About the 2025 Residency Program
This is an automated translation of the original Japanese text. While efforts have been made to ensure accuracy, some nuances or expressions may not be perfectly reflected. For the most accurate information, please refer to the original Japanese version.
Report
Message on the Occasion of the 2025 Dance Base Yokohama (DaBY) Residency Program
Dance Base Yokohama (DaBY) will celebrate its 5th anniversary in 2025.
Marking this milestone year, we find ourselves once again reflecting on the fundamental questions:What does creation mean for artists? What should support truly look like?
This year, as in previous years, we held an open call for our residency program, targeting artists under the age of 35.In addition to providing space for creation, the program offers support in areas such as publicity, technical assistance, and production costs, with the aim of enabling artists to develop their work in a more grounded and sustainable manner.

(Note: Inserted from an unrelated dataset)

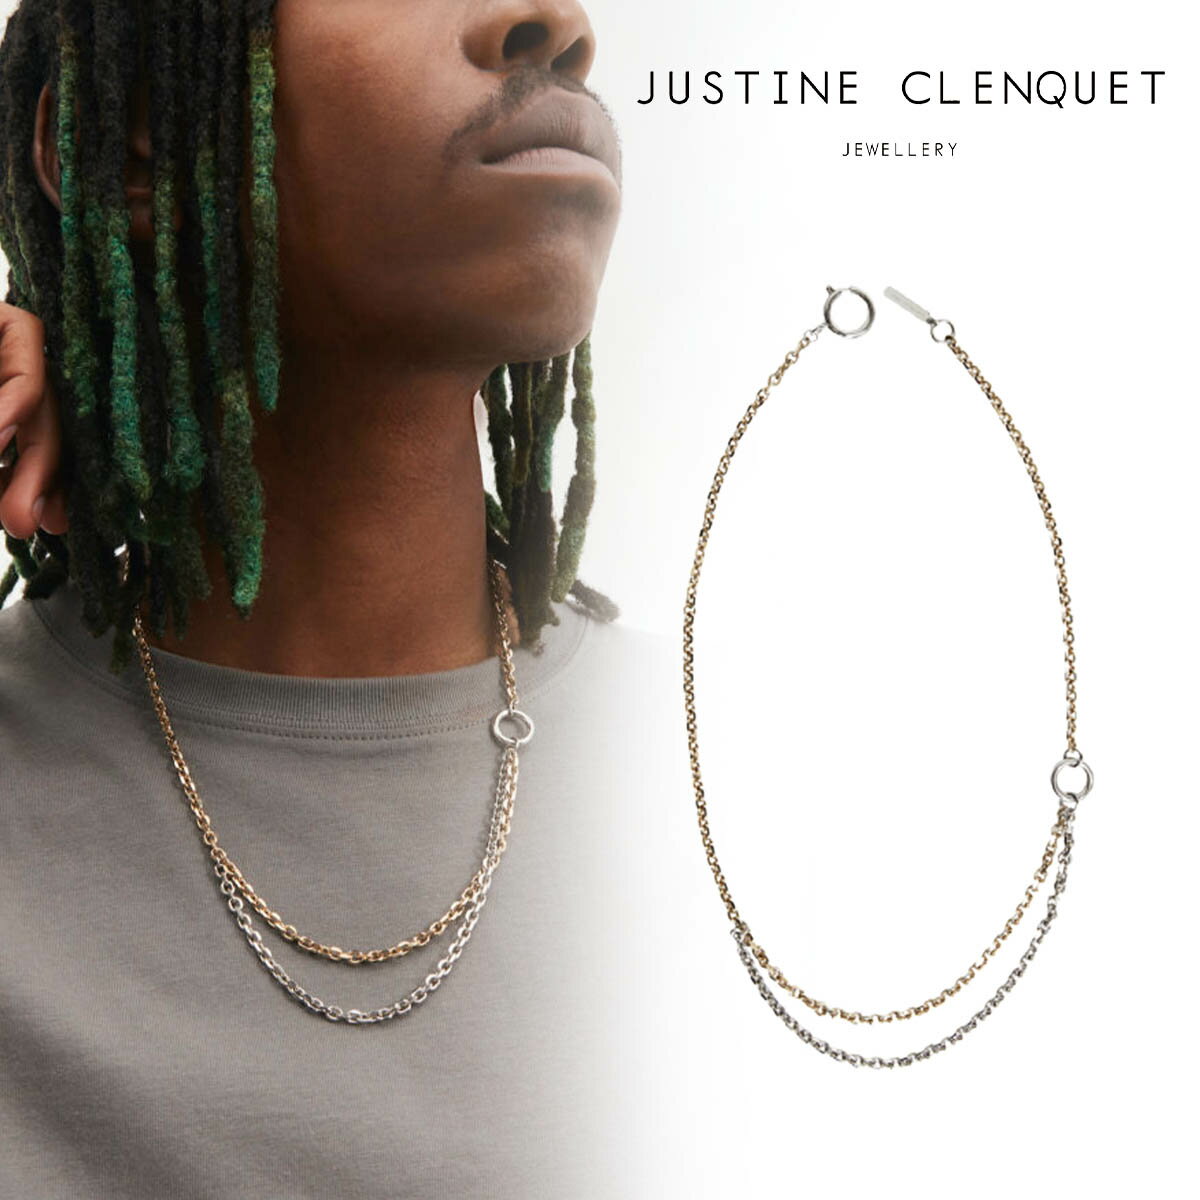 ジュスティーヌクランケ Justine Clenquet カート ネックレス Kurt necklace チョーカー パラジウム レディース メンズ アクセサリー

We received many enthusiastic applications, and with our limited resources—both in budget and space—we carefully considered each proposal with sincerity and respect throughout the selection process.
Key criteria included how the artist seeks to build relationships with society and others; how their perspective and questions are embodied and expressed through movement; and how they plan to engage with the unique environment of DaBY—and potentially go beyond it.
As a result, we are pleased to welcome six artists/teams to the 2025 DaBY Residency Program.We are confident that each of these projects will offer us new perspectives and questions that speak directly to the times we live in.
At the same time, we would like to acknowledge that many of the proposals we were unable to select this time were also rich in creativity and carried strong and meaningful inquiries.The outcome of the selection simply reflects the framework of this particular residency and in no way indicates the value or quality of the projects themselves.
We warmly encourage all applicants to consider reapplying in the future.We would be honored to encounter your continued creative development and hope to connect with you in other forms and opportunities.
At DaBY, we aim to be more than just a provider of institutional support.
We aspire to be a space where growth is cultivated through ongoing dialogue and shared practice within the creative process.
Once again this year, we look forward with great anticipation to the many encounters and creative expressions that will emerge from this place.
We deeply appreciate your continued support and interest.
Dance Base Yokohama
Selected projects (6 groups in total)
New Dance Technologies
Organization New Dance Research Group
Nanako Matsumoto, Kengo Nishimoto / Team Chipro + Keisuke Sakurai + Pijin Neji
“New Dance Technologies” is a project launched in 2023 by the performance unit Team Chiipro and dance critic Keisuke Sakurai. The project involves collecting, reconstructing, and archiving “movements” that are flourishing in a certain location, with the aim of eventually creating and presenting dance works based on those movements.The ultimate goal of this project is to create an archive of new contemporary dance techniques—on par with William Forsythe’s Improvisation Technologies—which will be published online and made accessible to dancers and people around the world.The definition of the “certain location”, where the movements are being collected, will be revealed after the project’s final presentation. At this stage, it is expected that approximately 1,000 distinct movements will be archived within the “New Dance Technologies” framework.As part of this ongoing process, this edition welcomes dancer and choreographer Pijin Neji to participate in the collection, reconstruction, and creation of the archive, as well as a trial performance based on the materials. Moving forward, the project will gradually expand its team and continue working toward the final presentation and public release of the archive.
Time to Stop
Priyakshi Agarwal
Through embodied reality, this project aims to shed light on sexual and racial violence in public space faced by marginalized individuals—particularly women and people of color. At its core, this performance examines what it means to occupy public space as a racialized body, carrying the weight of both historical and contemporary violence.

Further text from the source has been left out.